Midway through “Steve Jobs,” one woman could be heard gently snoring. Afterward, some moviegoers complained that it was “boring.”

“I wanted to know more about the launch of the iPad and the newer products,” said Francisco Hernandez, 27, a warehouse worker from the area. “I think they focused too much on the old stuff.”

“And it was too long!” his friend shouted as they made a beeline for the exit. “I fell asleep a few times!”

For those who stayed awake, “Steve Jobs” did perhaps one of the best things a movie can do: pique interest in its subject.

“I was surprised at how they covered the past, and now I want to go home and read up on it,” said Kim Gusman, 50, a stay-at-home mom from neighboring Los Altos.

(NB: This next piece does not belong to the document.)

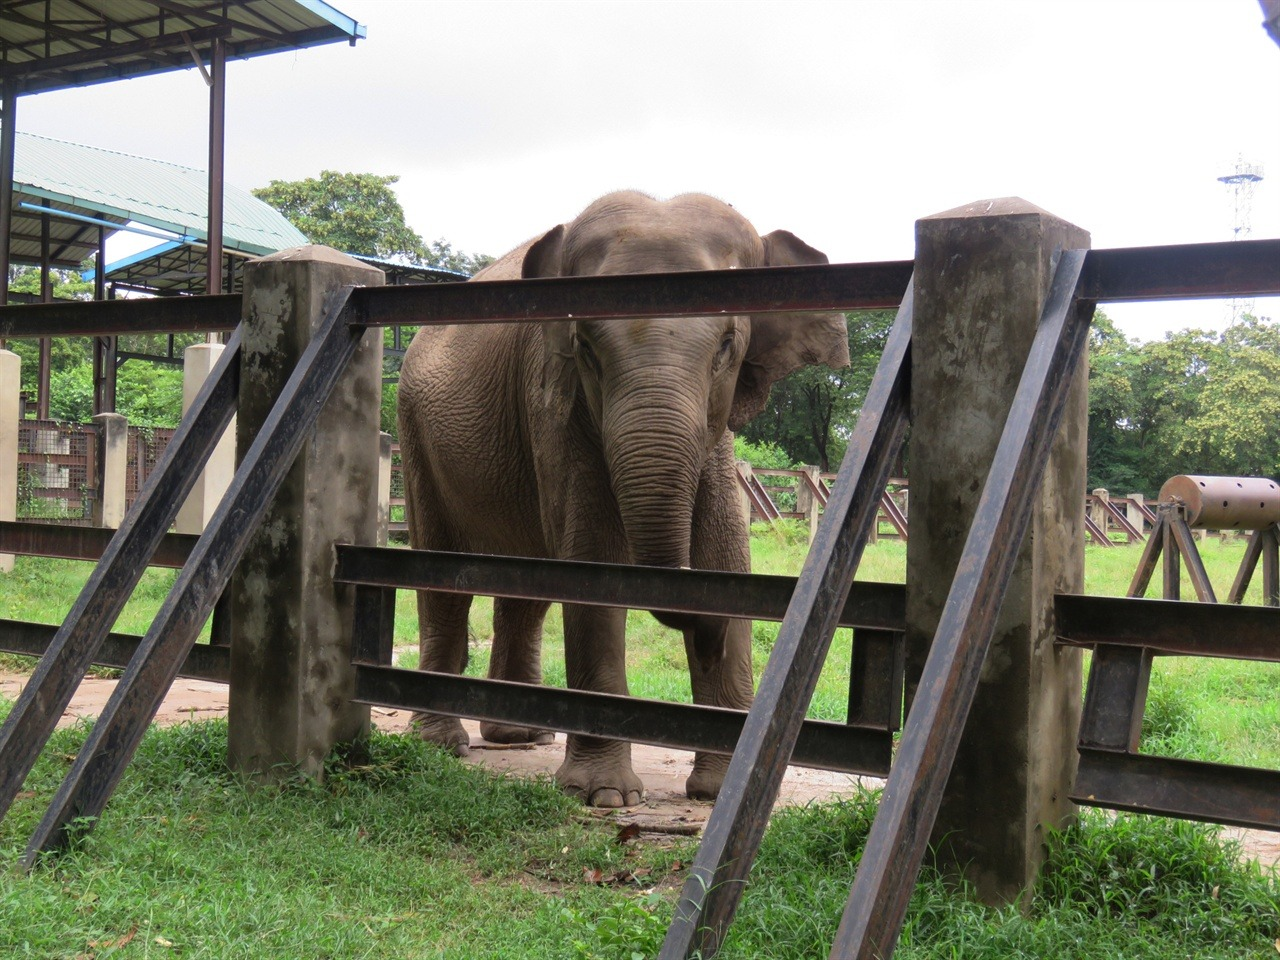 우리에게 긴 코를 휘두르며 물을 계속 뿌리던 코끼리
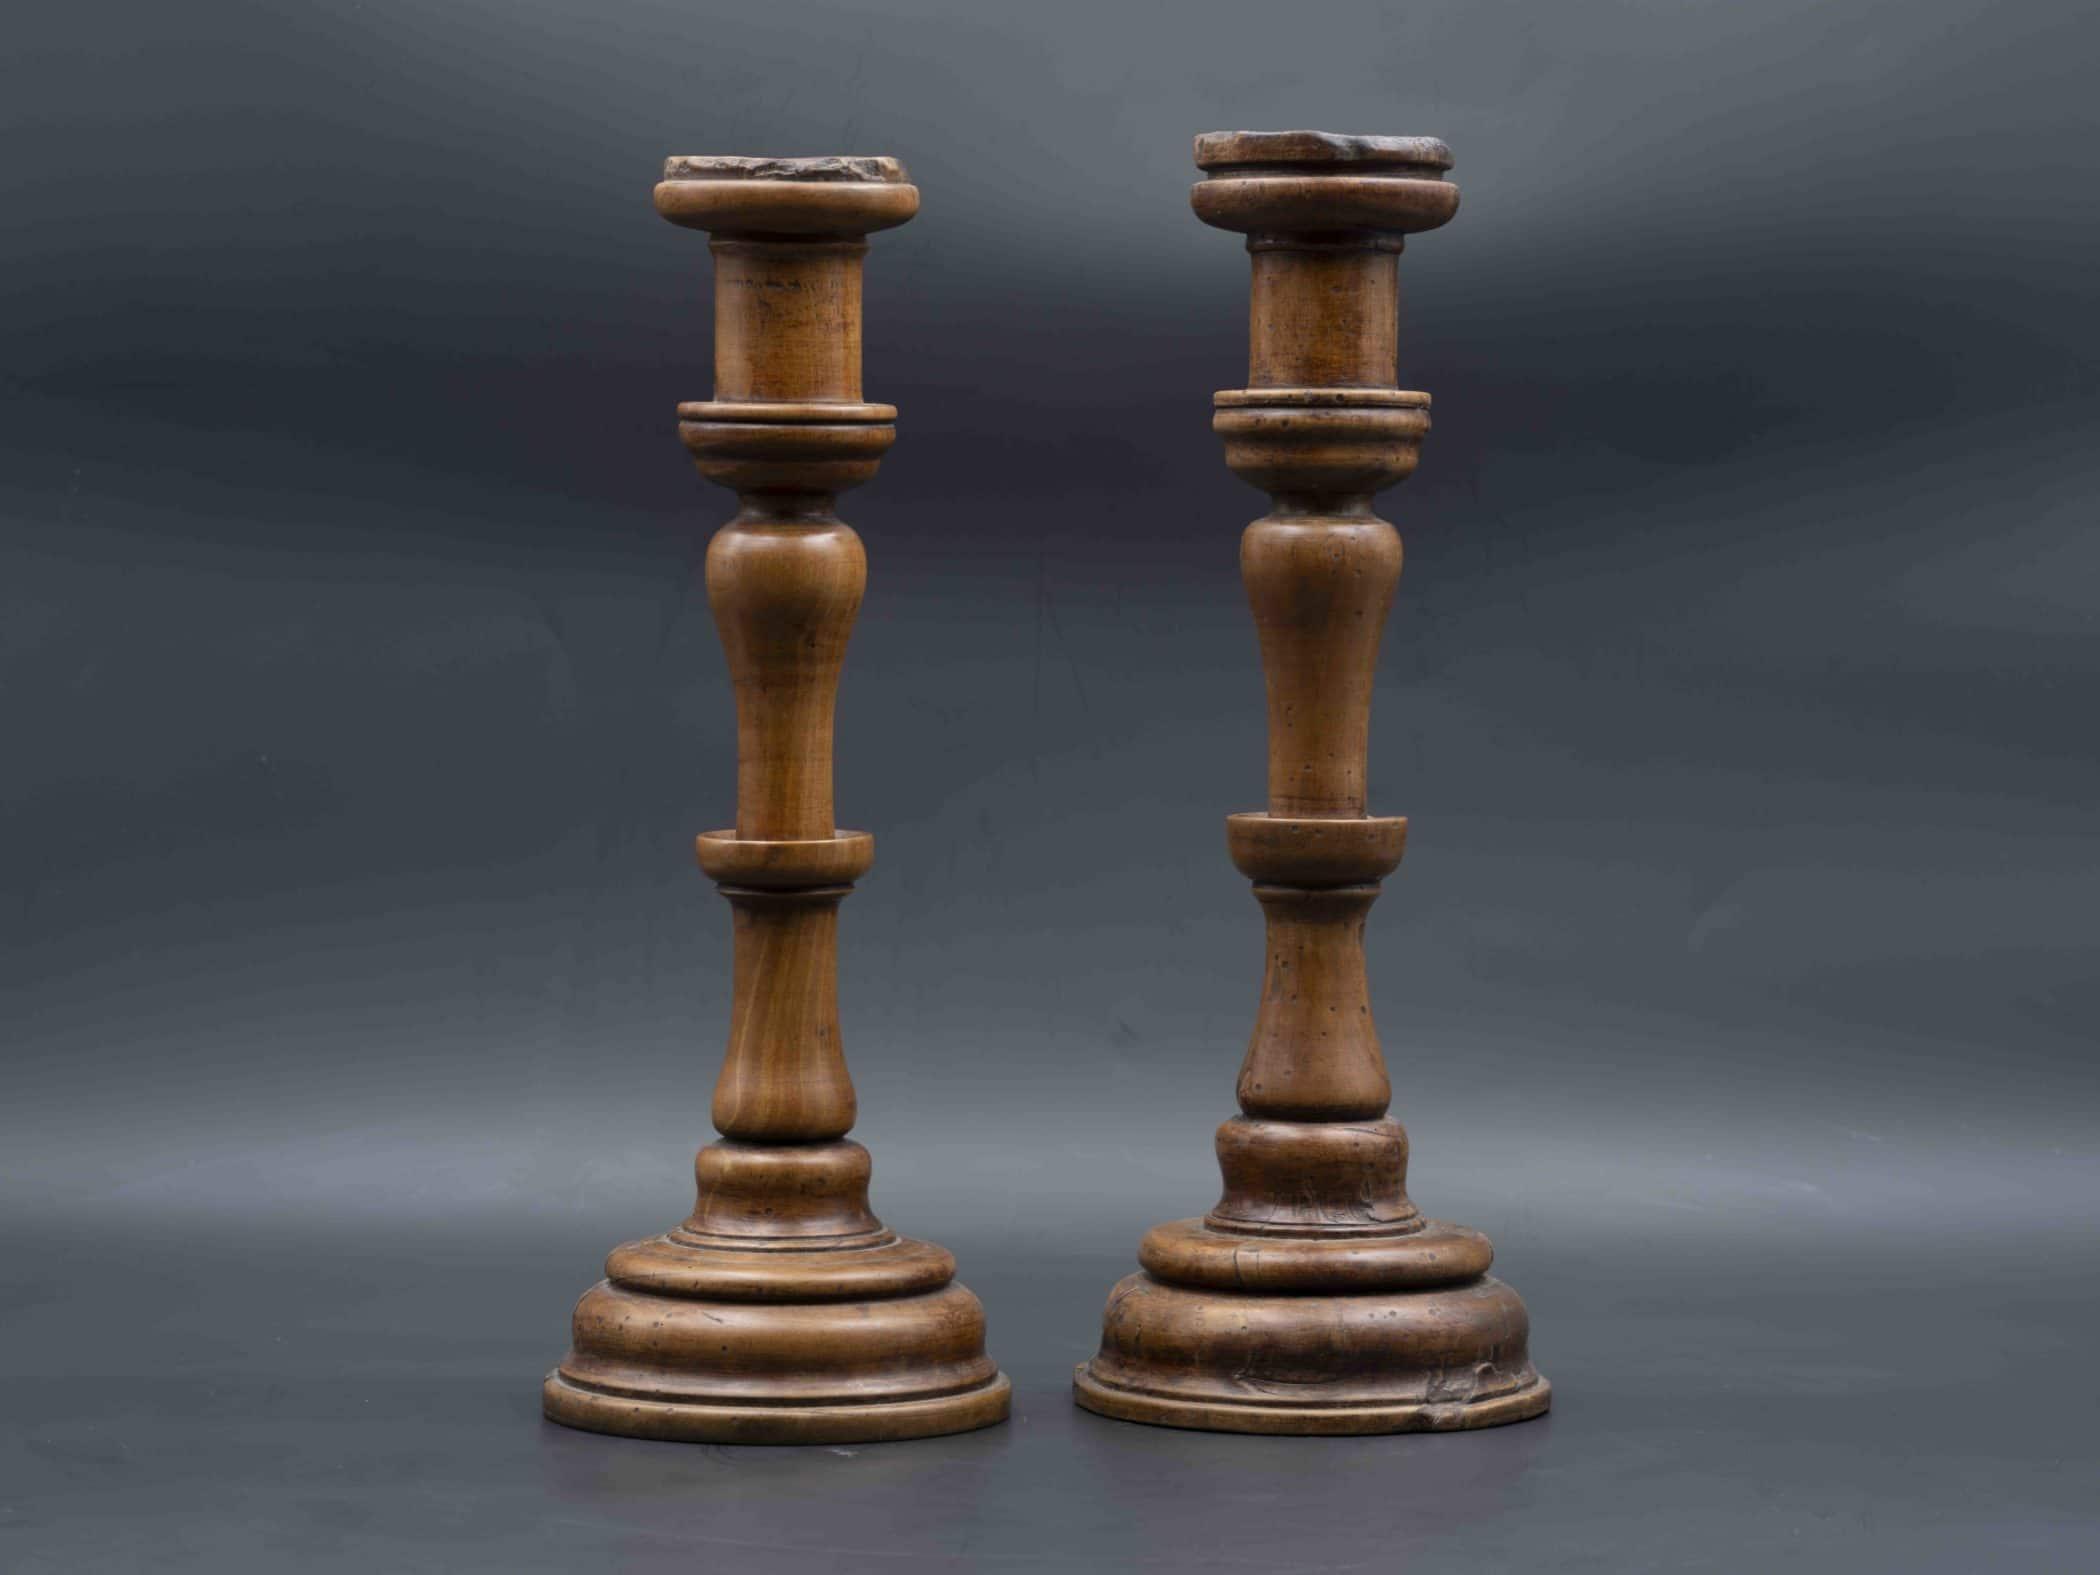 Bougeoirs rustiques en bois, XXe siècle

“Living in this area, we know people who have worked at Apple and we’d heard [Jobs] was ‘quirky’ and a ‘genius,’ but we had no idea he was as difficult to work with as the movie made him out to be,” said Sue Murray, 55, a retiree also from Los Altos. “It raised a lot of questions. It was very intense.”

Meanwhile, a group of three who lingered outside the theater after the showing were less inclined to share their opinions on the film.

“We work at Apple,” said one, declining to give his name. “So I don’t think it’s a good idea for us to say anything.”